Re: [PATCH v2] perf: Synchronously cleanup child events

From: Peter Zijlstra
Date: Mon Jan 25 2016 - 09:54:27 EST


On Mon, Jan 25, 2016 at 12:48:46PM +0100, Peter Zijlstra wrote:
> On Fri, Jan 22, 2016 at 11:44:03AM -0800, Alexei Starovoitov wrote:
> > On Fri, Jan 22, 2016 at 01:38:47PM +0100, Peter Zijlstra wrote:
> > > On Fri, Jan 22, 2016 at 01:35:40PM +0200, Alexander Shishkin wrote:
> > > > Peter Zijlstra <peterz@xxxxxxxxxxxxx> writes:
> > > >
> > > > > So I think there's a number of problems still :-(
> >
> > I've been looking at how perf_event->owner is handled and couldn't
> > figure out how you deal with the case of passing perf_event_fd via scm_rights.
> > It seems one process can open an event, pass it to another process,
> > but when current process exists owner will still point to dead task,
> > since refcount > 0.
> > Which part am I missing?
>
> Nothing, you raised a good point. I think this shows we cannot link
> !event->owner to an event being 'dead'.
>
> If we keep these two states separate, the scm_rights thing should work
> again.

Alexander, Alexei,

How about the below?
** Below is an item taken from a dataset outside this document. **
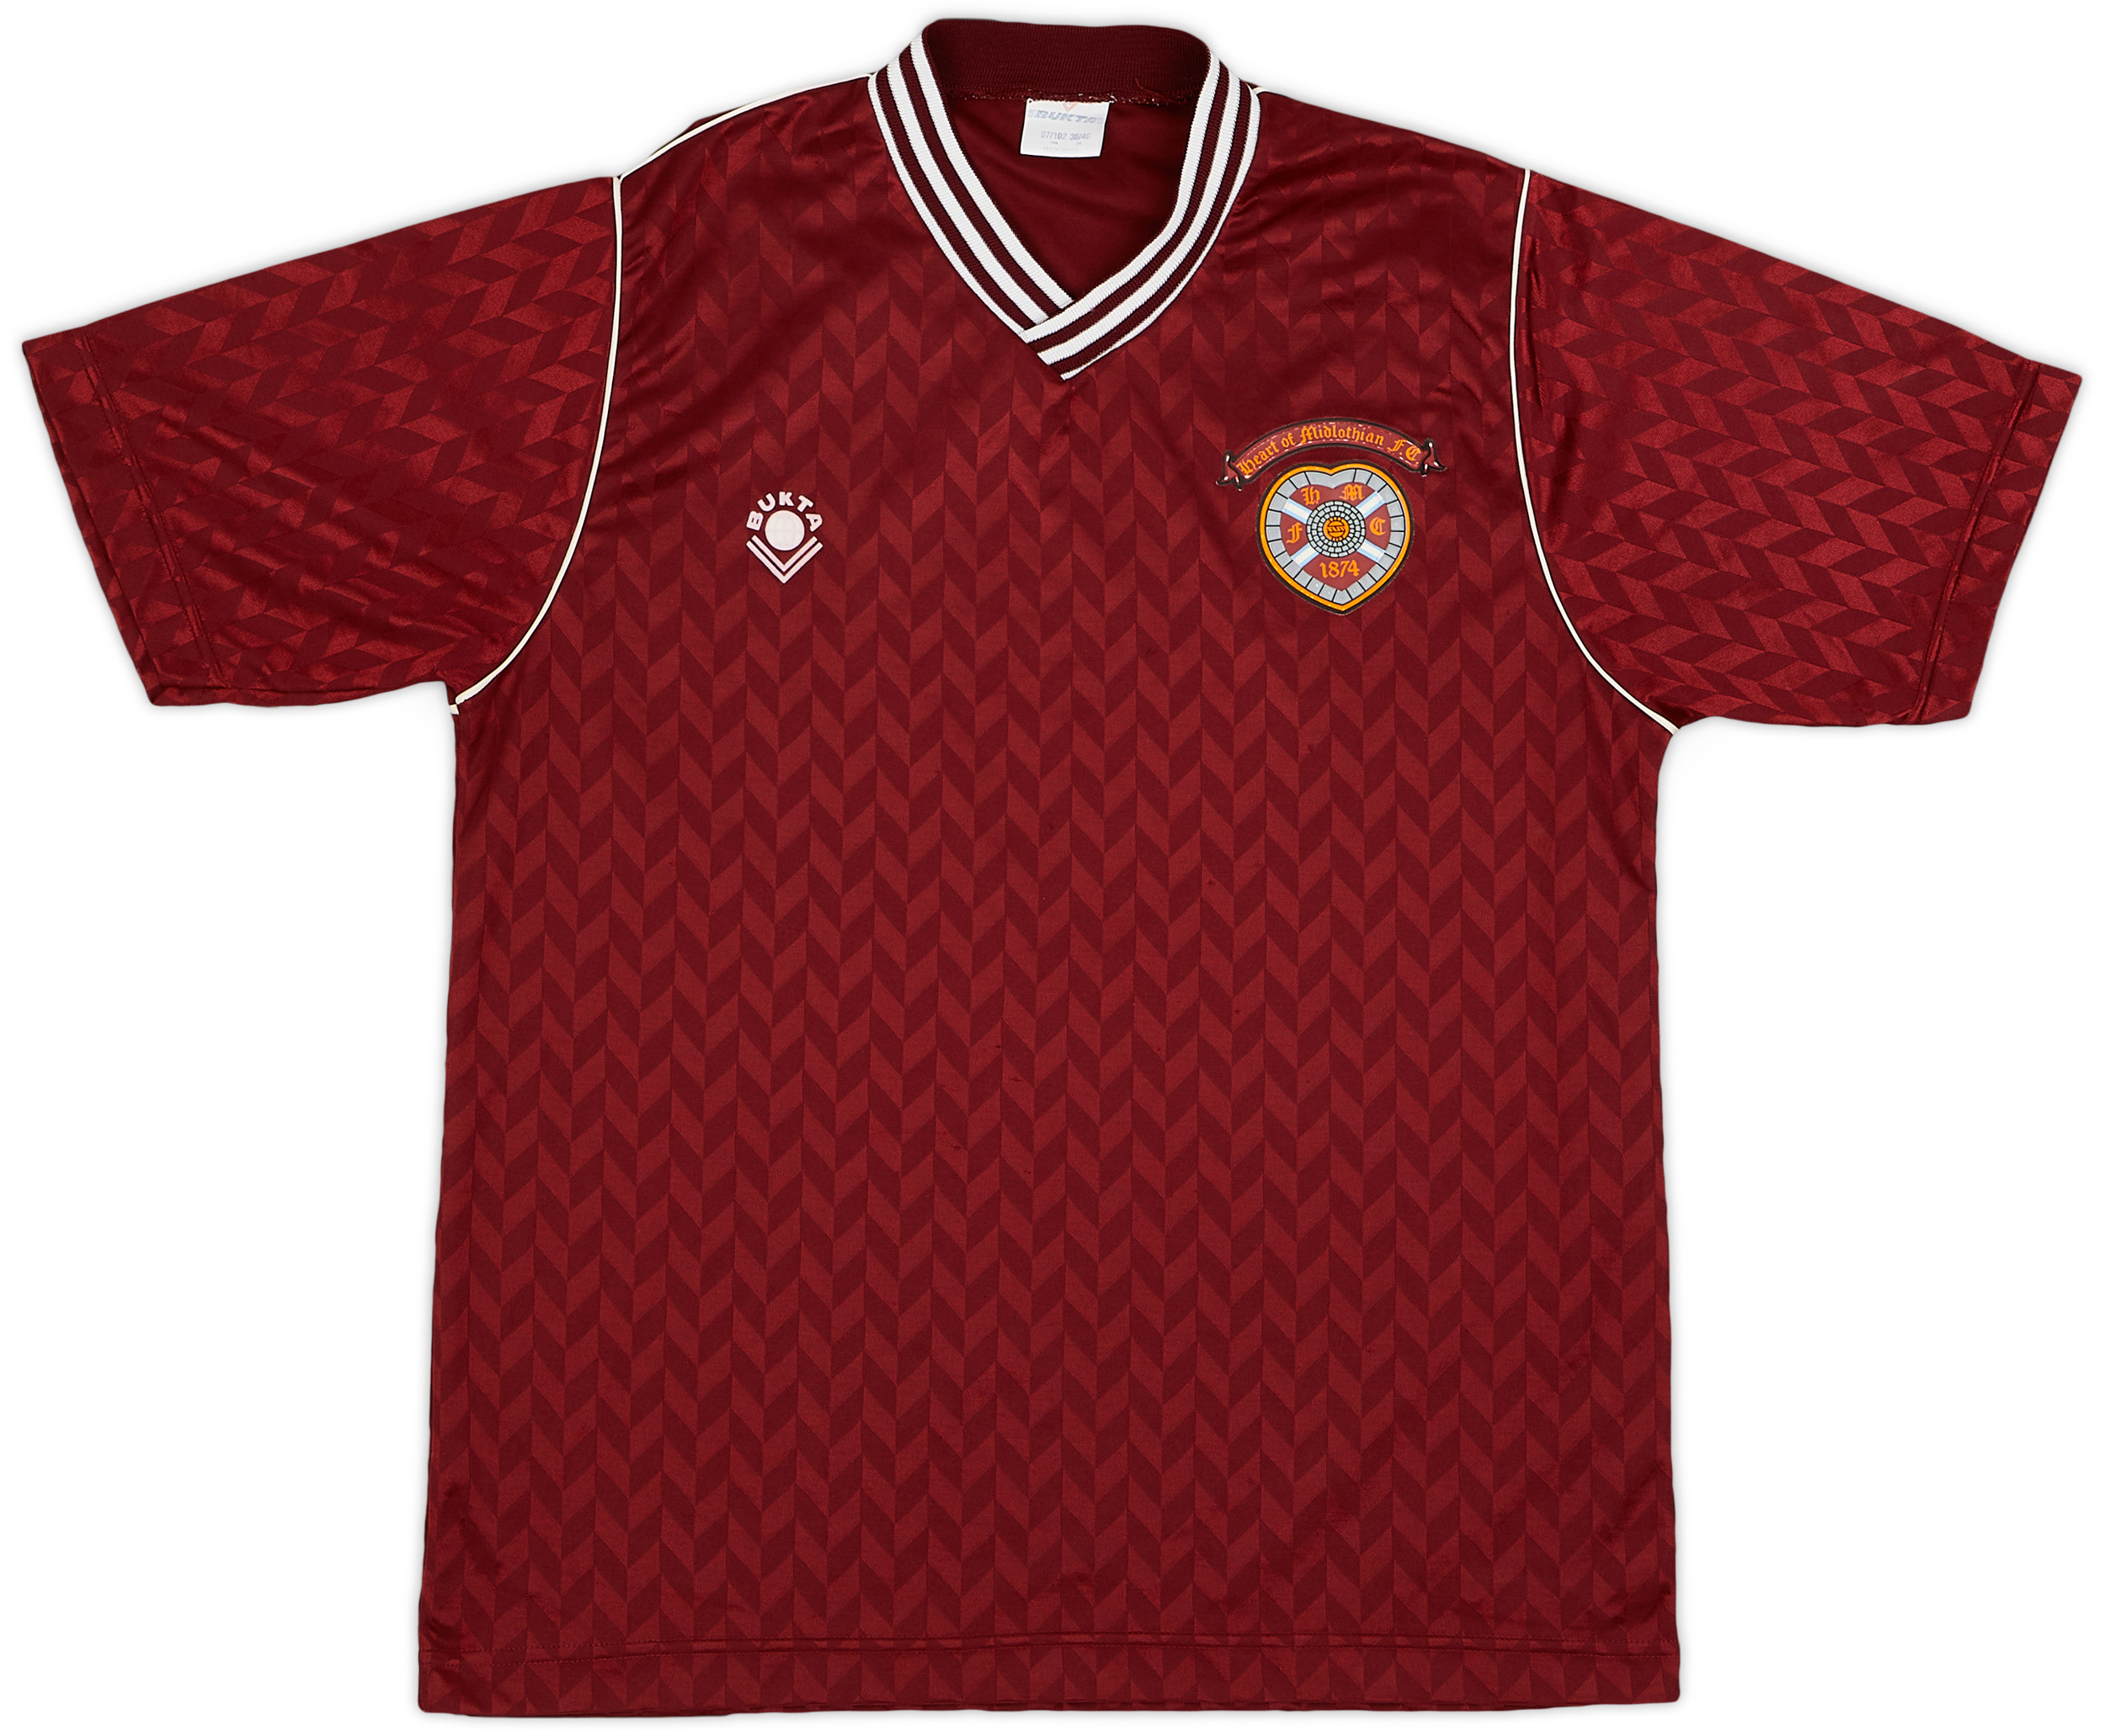 1989-90 Heart Of Midlothian (Hearts) Home Shirt - 9/10 - ()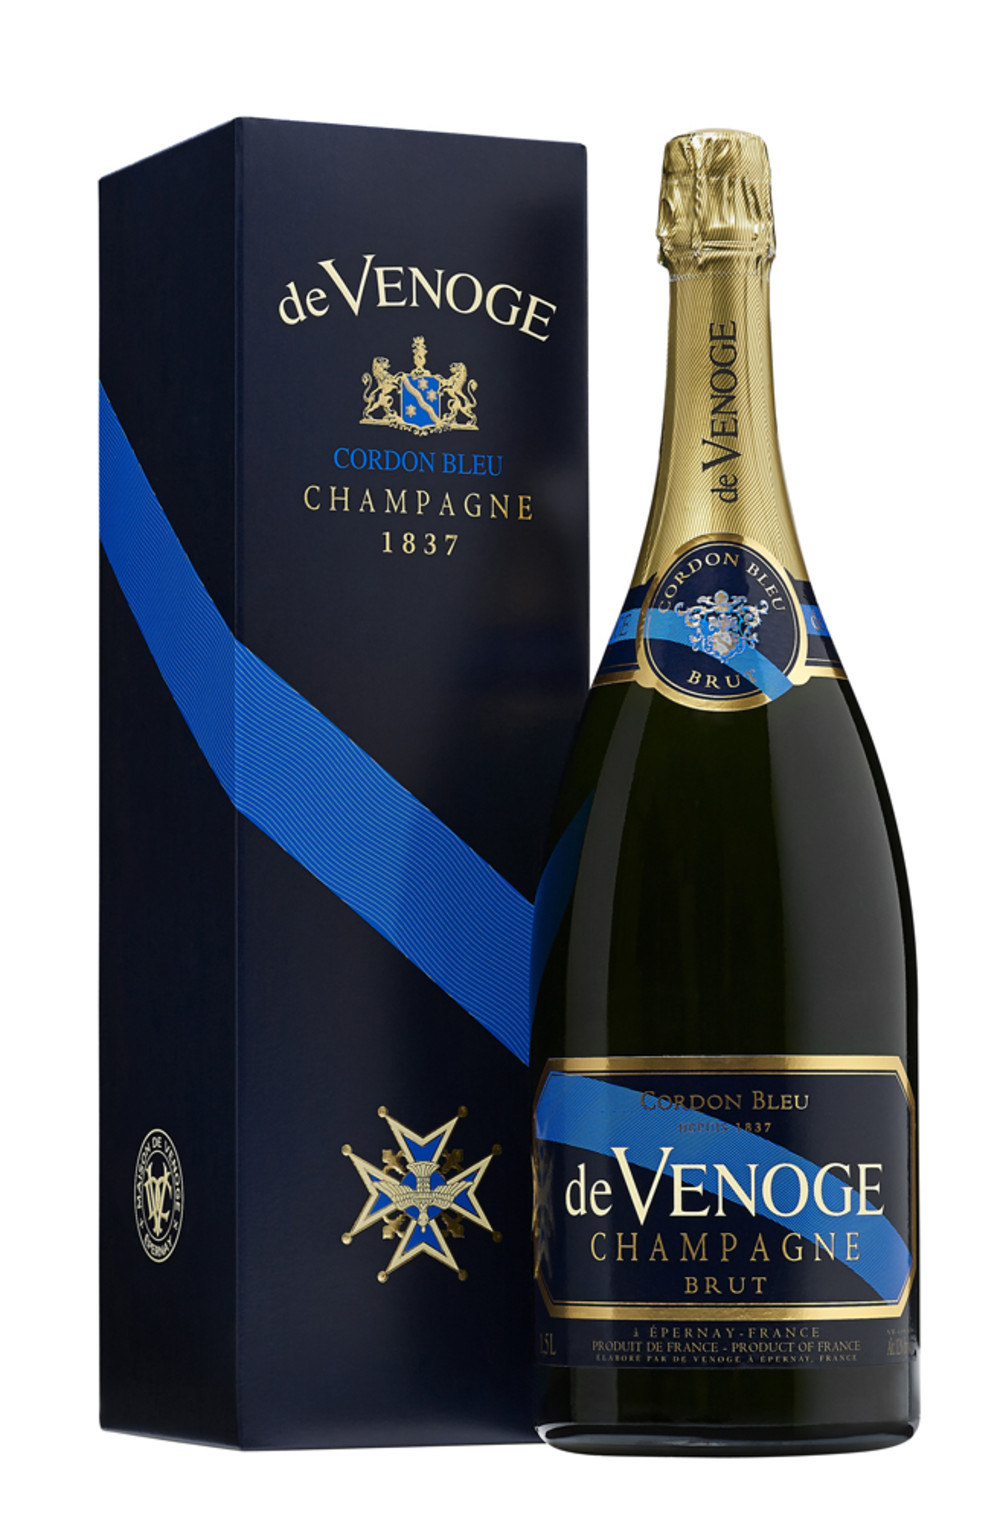 Champagne DeVENOGE_MAGNUM BRUT et etui_Packshot.jpg

That uses event->state == PERF_EVENT_STATE_EXIT to
indicate the event has been given up by its 'owner' and decouples us
from the actual event->owner logic.

This retains the event->owner and event->owner_list thing purely for the
prclt(.option = PR_TASK_PERF_EVENTS_{EN,DIS}ABLE) calls, but does give
us strict 'owner' semantics in that:

struct perf_event *my_event = perf_event_create_kernel_counter();

/* ... */

perf_event_release_kernel(my_event);

Or

int fd = sys_perf_event_open(...);

close(fd); /* last, calls fops::release */

Will destroy the event dead. event::refcount will 'retain' the object
but it will become non functional and is strictly meant as a temporal
existence guarantee (for when RCU isn't good enough).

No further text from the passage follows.